Вот уже полтора года томился он вдовством. Да и допрежь кончины царицы его, Марии-черкешенки, вышла остуда меж ним и женою. Всем хороша Маша, да не наша… Истинно, не наша. И вроде юна, и вроде статна, и вроде веселила душу когда-то, да скоро постыла. Чужая, дикая. Злая. Слова русские непутём кособочила, никак выучить не могла. Ходила не так, смотрела не так. Пахла тоже не так. Гарью почему-то пахла, головешками не остывшими… Вся какая-то острая, в углах и задоринах. Ко всему – неплодная. Всего одно дитя дала, да и то – полудохлое. Какой в сыне толк, коли он два лета Божия увидел, а потом в могилу лег? Больше же сынов у черкешенки для него не нашлось…
Скоро уже конец его вдовству, скоро конец томлению. Отовсюду собраны сюда, в слободу Александрову, девки; доверенные служильцы смотрят их, годны ль на царское ложе. Англицкий немчин Елисей мочу их досматривает и по моче судит, не больно́ ль нутро.

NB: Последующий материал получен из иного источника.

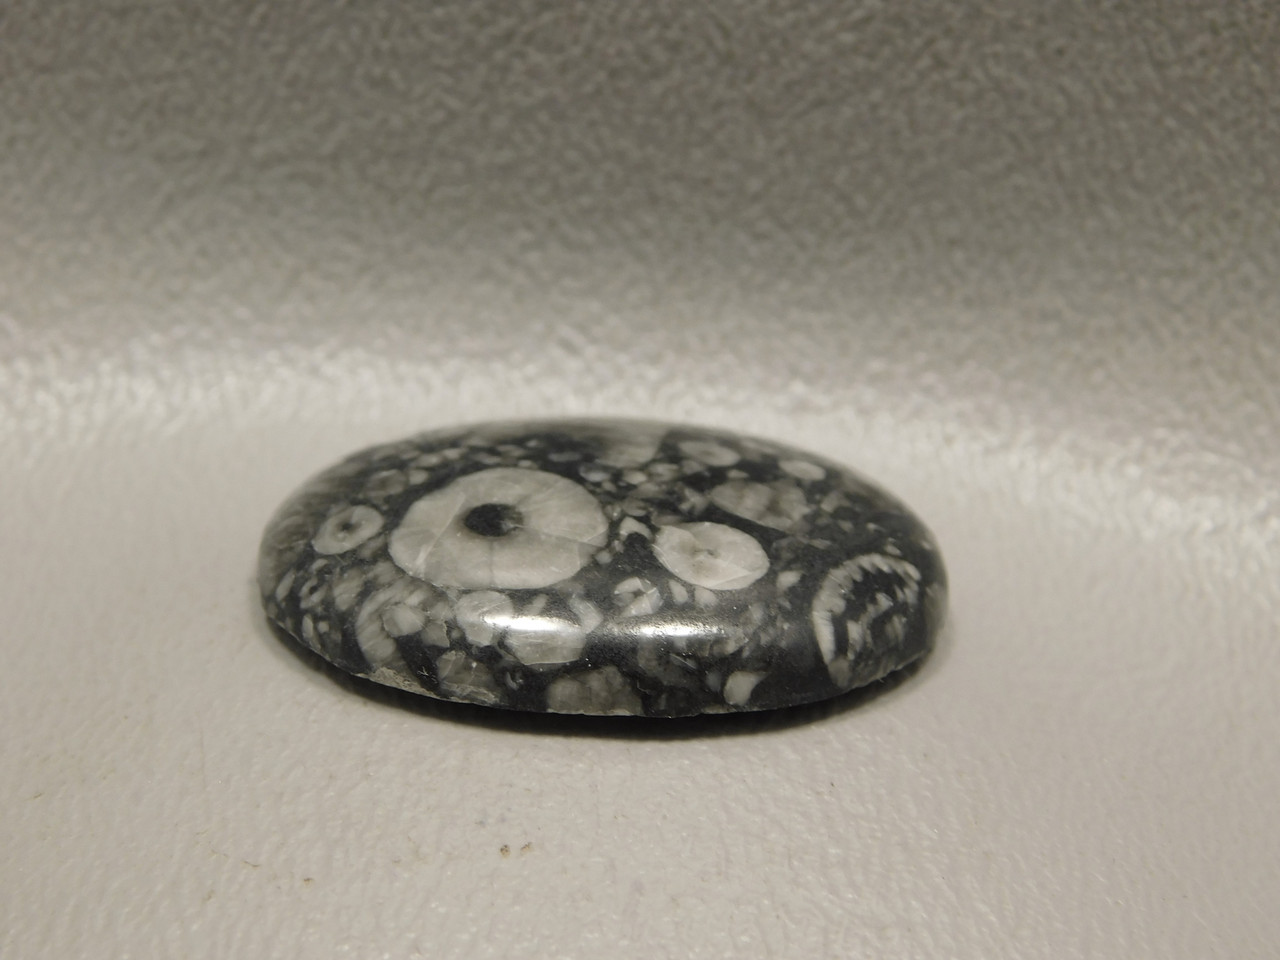 Crinoid Marble Fossilized Stone Cabochon #18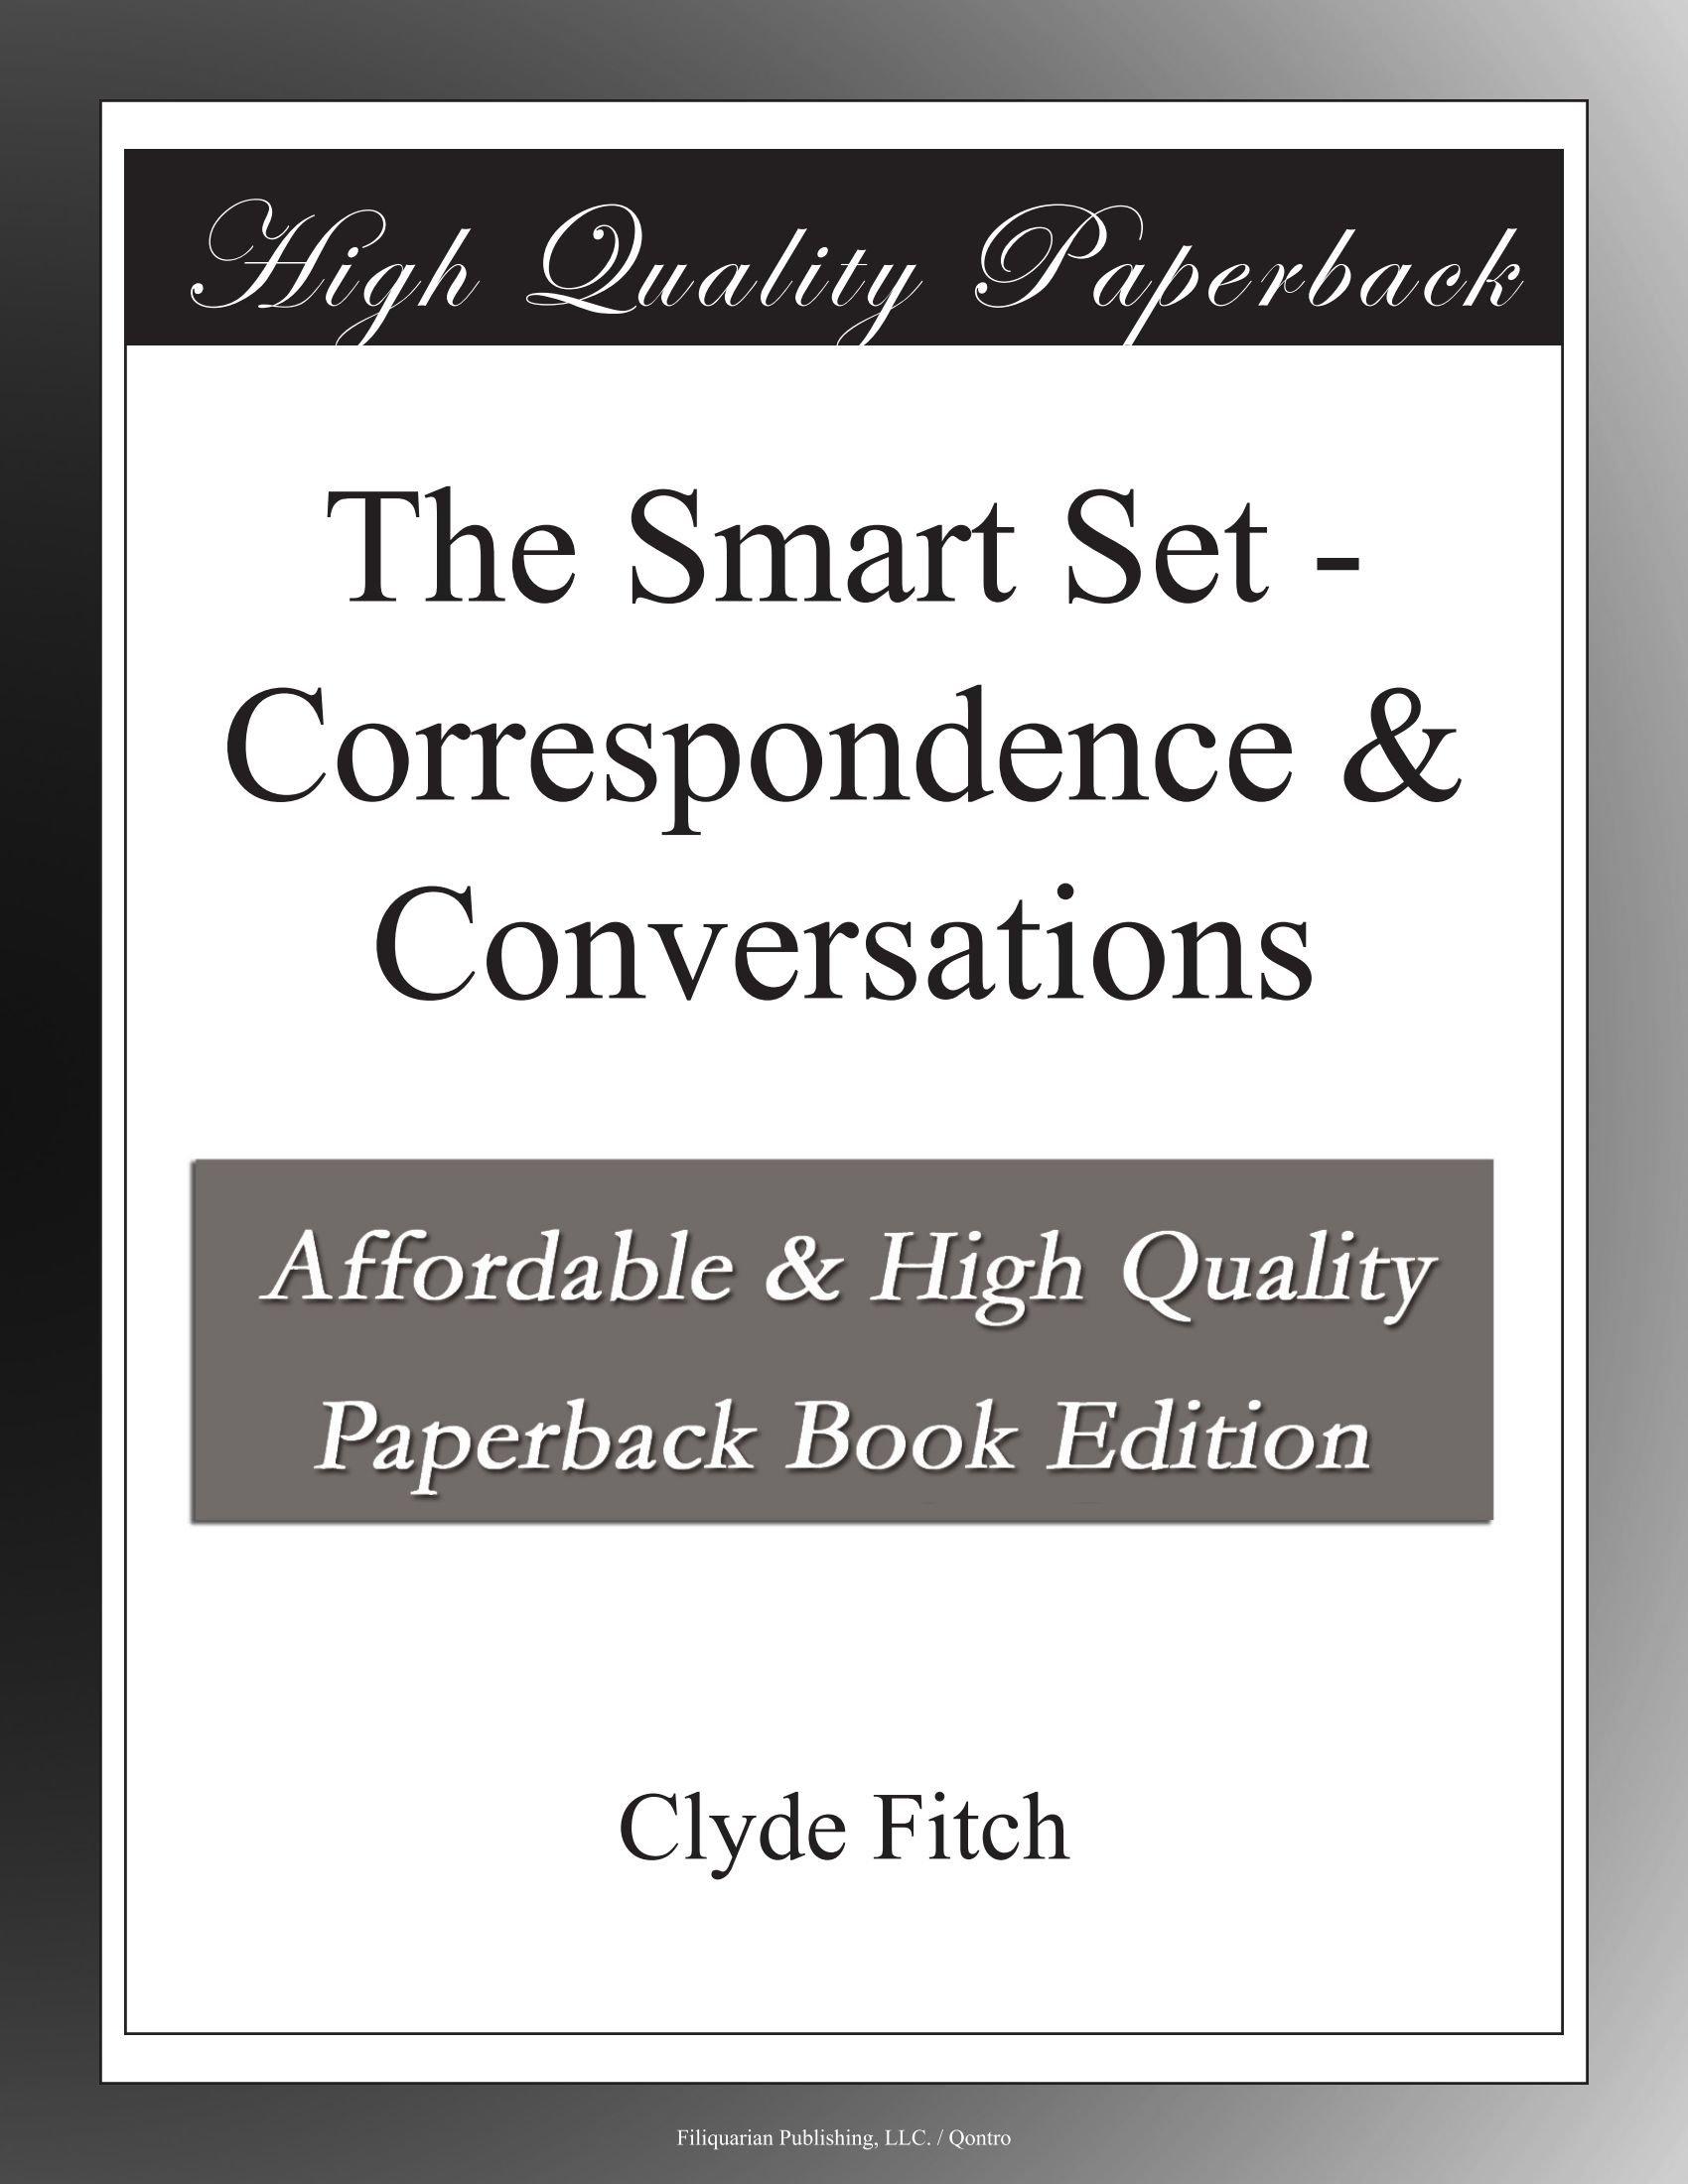 The Smart Set Correspondence & Conversations

Пускай смотрят! Авось добрых невест отыщут для сынов его от самой первой и самой лучшей жены, какой уж не будет никогда. Той, что была до черкешенки… Как давно ушла она! Уж и образ ее выцвел, сделался яко светлое пятно на сером черкесском полотне, яко запах счастья, едва чрез запах едкого дыма пробивающийся. Хоть сынам ее подарок теперь выйдет… Так что пусть смотрят, пусть!
Он-то уже для себя выбрал.
Та была темна, эта бела. Та остра, эта кругла. Та нравна, эта тиха. У той речь по камням бежала, с высот падала и в брызги расшибалась, у этой плавно течет, словно великая река по равнине. Та горячительна, эта напевна. Та – огонь, эта – земля с травами и цветами.
И пахнет… молоком.
Марфуша…
Не навестить ли невесту? Сколь еще надо ему терпения! Нет, нельзя. А что, она не перечила бы, ежели и до свадьбы порушил бы ее девство… Ему – не перечила бы.
Нет, не надо к ней идти. Хоть и государь, а надобно иметь страх Божий. Грех сладок, да марок, лизнул меда, да влип в дёготь. Душу бы не помрачить…
Сказано от святого апостола: «Блажен муж, иже претерпит искушение…»
Потерпеть-то чуть-чуть осталось.
Иван Васильевич двадцать раз прочитал Иисусову молитву. Ну? Дрогнули ноздри, потревоженные запахом молока, явившимся неведомо откуда. «Господи, посрами беса, борющего мя!» И еще раз. И еще. И еще, и еще, и еще…
Успокоился.
За миг до погружения в сон пред его умственным взором промелькнуло лицо князя Воротынского. Медлительный воин, крепкий и стойкий, но неповоротливый и весь какой-то древний, замшелый, не от века сего, будто бы и боярин не его, московского государя, а неведомого князя владимирского, какие были на Руси три века назад. Могучий богатырь Акинф Великий, коему ссекла голову быстрая московская сабля. Или же сам – великий князь владимирский… Все они в помыслах своих – великие князья владимирские, все помнят старину, все никак не забудут, что есть у них право, пусть ветхое летами и призрачное, занять великий стол, вогосудариться. Шуйские помнят. И Ростовские тоже помнят. И Одоевские. И Курбский – дурак и мятежник, слаб породою против всех сих, а туда же – помнит, что из Рюриковичей он, из ярославских. Тоже – господарь бобров на деревенской запруде! Шумен и бестолков был, покуда к литовцам не перебежал, а перебежав, и там, говорят, таков же… Вот и Воротынский крамолу в душе лелеет. Не скажет, никогда не скажет! А и говорить не надо: лица у него такое выраженье, что без слов всё рассказывает. Архонт! Эпарх! Сильный во Израиле! Как-нибудь так небось про себя думает… «Я тоже чуть-чуть государь…» Верно? «Я тоже чуть-чуть хозяин Руси…» Верно?